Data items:
↓↓↓

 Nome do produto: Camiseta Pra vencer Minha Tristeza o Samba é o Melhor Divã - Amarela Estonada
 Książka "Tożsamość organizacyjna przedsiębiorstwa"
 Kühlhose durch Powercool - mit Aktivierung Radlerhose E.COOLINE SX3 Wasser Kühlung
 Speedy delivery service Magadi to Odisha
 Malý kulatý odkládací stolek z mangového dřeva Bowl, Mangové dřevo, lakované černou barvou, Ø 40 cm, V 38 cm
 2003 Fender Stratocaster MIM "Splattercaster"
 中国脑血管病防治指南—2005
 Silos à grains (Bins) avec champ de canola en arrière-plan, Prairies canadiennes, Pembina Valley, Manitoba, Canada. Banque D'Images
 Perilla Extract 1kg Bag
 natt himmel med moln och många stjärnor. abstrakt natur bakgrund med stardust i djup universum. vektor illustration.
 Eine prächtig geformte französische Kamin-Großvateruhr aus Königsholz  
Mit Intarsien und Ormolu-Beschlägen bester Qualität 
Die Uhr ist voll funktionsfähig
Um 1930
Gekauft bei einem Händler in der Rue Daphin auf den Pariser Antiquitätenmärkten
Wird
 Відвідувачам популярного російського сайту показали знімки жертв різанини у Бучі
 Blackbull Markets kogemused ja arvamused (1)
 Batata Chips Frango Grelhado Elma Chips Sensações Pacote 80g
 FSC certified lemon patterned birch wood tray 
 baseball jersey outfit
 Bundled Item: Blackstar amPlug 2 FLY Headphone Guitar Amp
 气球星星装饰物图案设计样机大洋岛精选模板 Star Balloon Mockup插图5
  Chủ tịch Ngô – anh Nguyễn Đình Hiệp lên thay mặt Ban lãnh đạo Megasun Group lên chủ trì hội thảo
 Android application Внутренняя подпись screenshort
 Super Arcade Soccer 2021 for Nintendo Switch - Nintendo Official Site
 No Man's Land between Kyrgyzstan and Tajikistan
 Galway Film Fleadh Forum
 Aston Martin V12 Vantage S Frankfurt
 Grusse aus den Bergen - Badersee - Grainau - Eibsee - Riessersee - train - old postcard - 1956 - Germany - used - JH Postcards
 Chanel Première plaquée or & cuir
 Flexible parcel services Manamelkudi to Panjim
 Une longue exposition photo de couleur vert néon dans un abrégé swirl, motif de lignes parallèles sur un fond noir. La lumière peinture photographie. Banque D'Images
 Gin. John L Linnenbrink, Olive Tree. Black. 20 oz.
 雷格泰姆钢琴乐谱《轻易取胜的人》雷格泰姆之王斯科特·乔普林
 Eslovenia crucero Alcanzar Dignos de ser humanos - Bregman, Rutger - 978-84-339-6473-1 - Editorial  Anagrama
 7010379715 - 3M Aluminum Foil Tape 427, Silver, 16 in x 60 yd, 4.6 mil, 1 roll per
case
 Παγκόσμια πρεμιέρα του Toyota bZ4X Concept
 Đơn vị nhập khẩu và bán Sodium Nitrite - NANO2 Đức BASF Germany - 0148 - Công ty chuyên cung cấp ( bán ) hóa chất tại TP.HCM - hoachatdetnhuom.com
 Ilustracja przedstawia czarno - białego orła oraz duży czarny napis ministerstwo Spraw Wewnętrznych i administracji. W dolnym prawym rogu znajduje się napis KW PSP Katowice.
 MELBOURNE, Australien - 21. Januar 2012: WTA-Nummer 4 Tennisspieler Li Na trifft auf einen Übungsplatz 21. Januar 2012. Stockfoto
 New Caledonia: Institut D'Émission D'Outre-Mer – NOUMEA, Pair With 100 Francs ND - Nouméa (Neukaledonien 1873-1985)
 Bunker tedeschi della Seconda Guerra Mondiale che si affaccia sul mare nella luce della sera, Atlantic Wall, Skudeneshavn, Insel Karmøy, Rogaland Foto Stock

↑↑↑

= Exercise prompt =
Look through the data above and report every line in which "Germany" appears.

= Final answer =
 Grusse aus den Bergen - Badersee - Grainau - Eibsee - Riessersee - train - old postcard - 1956 - Germany - used - JH Postcards
 Đơn vị nhập khẩu và bán Sodium Nitrite - NANO2 Đức BASF Germany - 0148 - Công ty chuyên cung cấp ( bán ) hóa chất tại TP.HCM - hoachatdetnhuom.com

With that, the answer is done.